Implementing a syntax checker and/or OWL Tidy

For the record, here's a sketch of how to implement
an OWL Syntax Checker and/or OWL Tidy with the
graph as triples approach [1].

OWL Tidy takes an input RDF Graph and a level either Lite or DL
and outputs a related graph that is of that level.



Initialize
==========

Set the triple tables to be the OWL DL triple tables.
Set onFailure := Full

Assign to each node in the graph a set of possible
categories. Initially this set is the set of all
categories, except for the builtins, which
either map to their built-in category, or none
for built-ins like rdf:type that must match explicitly.
In these cases treat the builtin uriref itself as a category.

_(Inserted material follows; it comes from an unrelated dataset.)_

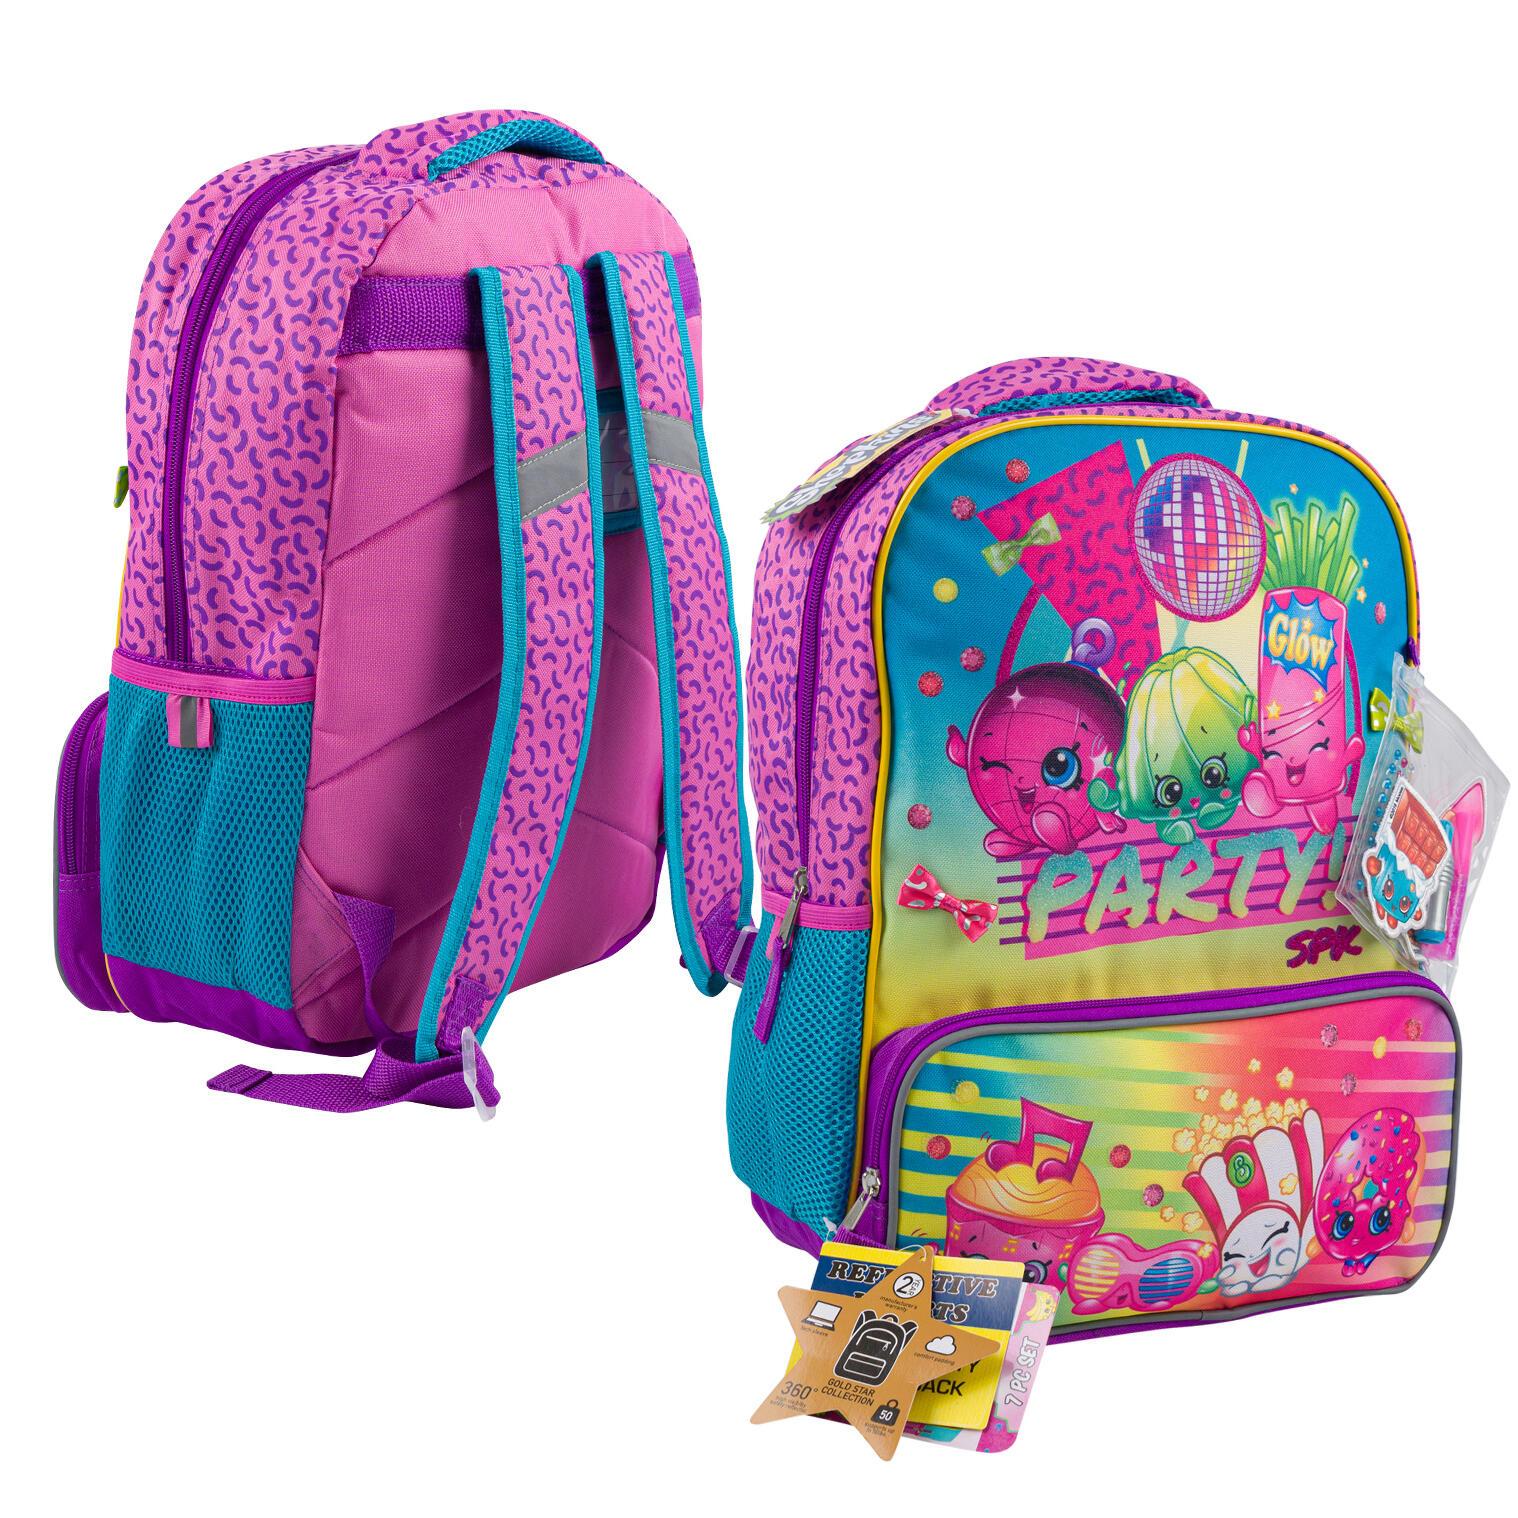 Wholesale 7 Piece Shopkins Backpack Set Multicolor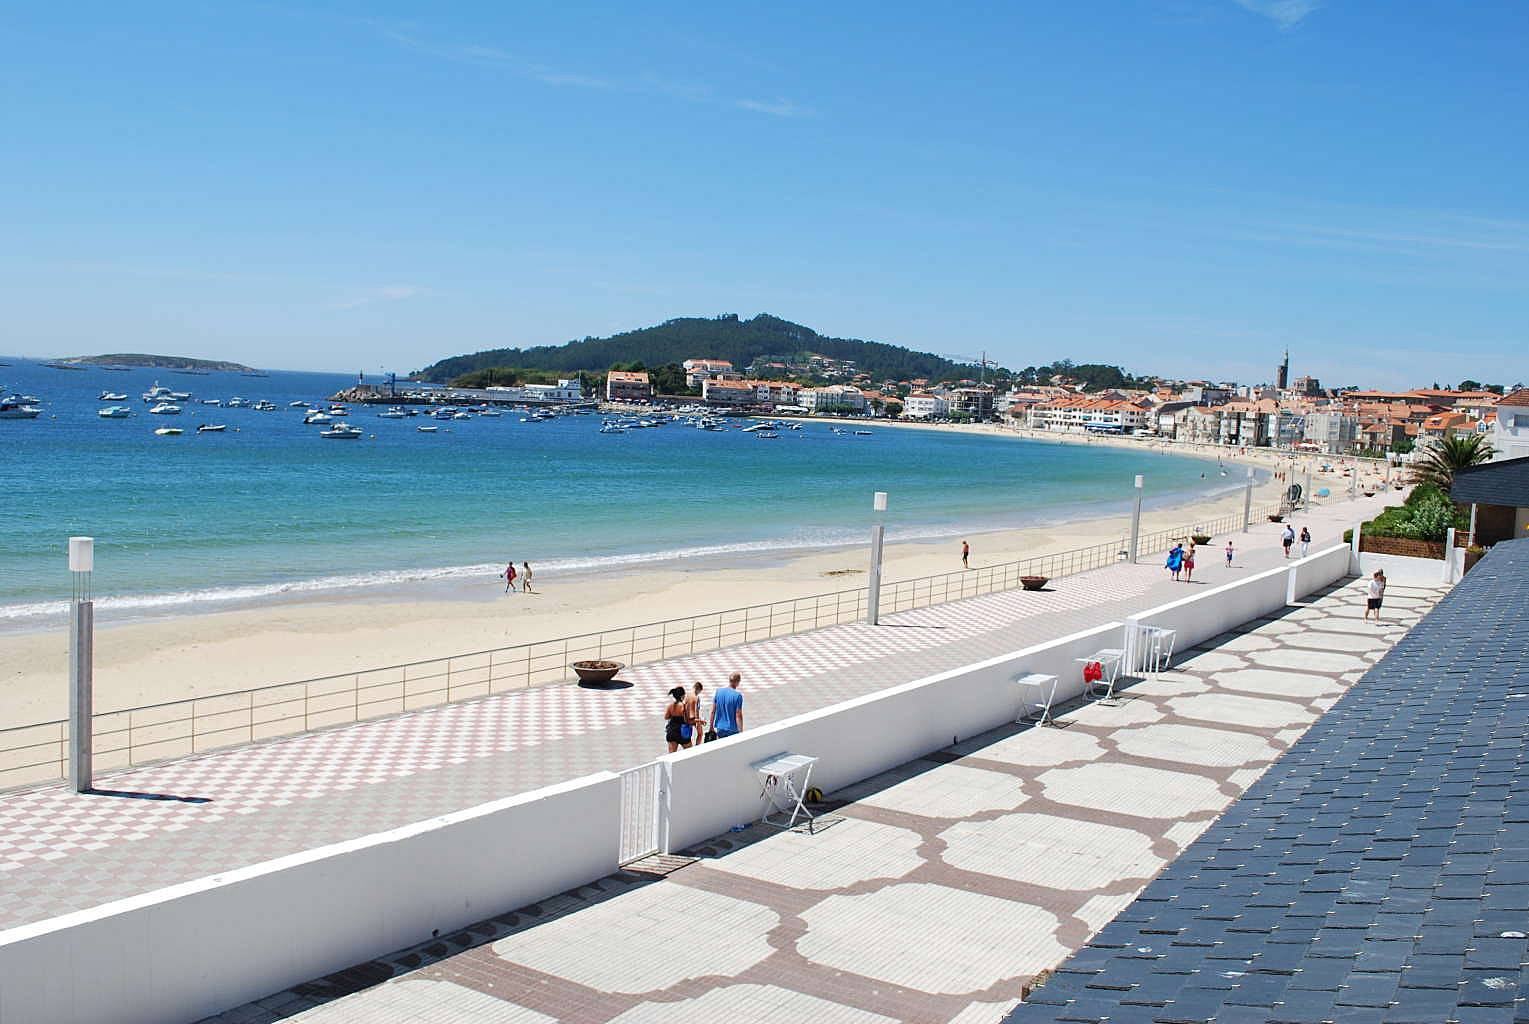 2 apartamentos en alquiler en 1a l nea de playa panxon nigr n pontevedra - Alquiler de apartamentos en playa ...

Set the iteration graph to be the input graph.
Set the continuation subgraph to be empty.
Set changed to false.


Iterate
=======
Iterate over the triples in the iteration graph;
for a more efficient classification, on the first cycle,
start with triples with predicate rdf:type.


For each triple tr, find the current possible
categories of subject (S), predicate (P) and object (O).
Look these up in the triple tables.

Reduction
=========
Set
  S' = { s | s in S, p in P, o in O,
             <s,p,o> in triple table }


Set
  P' = { p | s in S, p in P, o in O,
             <s,p,o> in triple table }


Set
  O' = { o | s in S, p in P, o in O,
             <s,p,o> in triple table }

If S', P' or O' is empty then:
// Failure
  if onFailure==Full
     then emit OWL Full
  else
     set onFailure := Full
     goto TypeChecks
  end if
end if

OWL Tidy may have some unsafe heuristics at this point to drop
or replace some of the triples involving s p and o.

If S != S' or P != P' or O != O' set changed = true.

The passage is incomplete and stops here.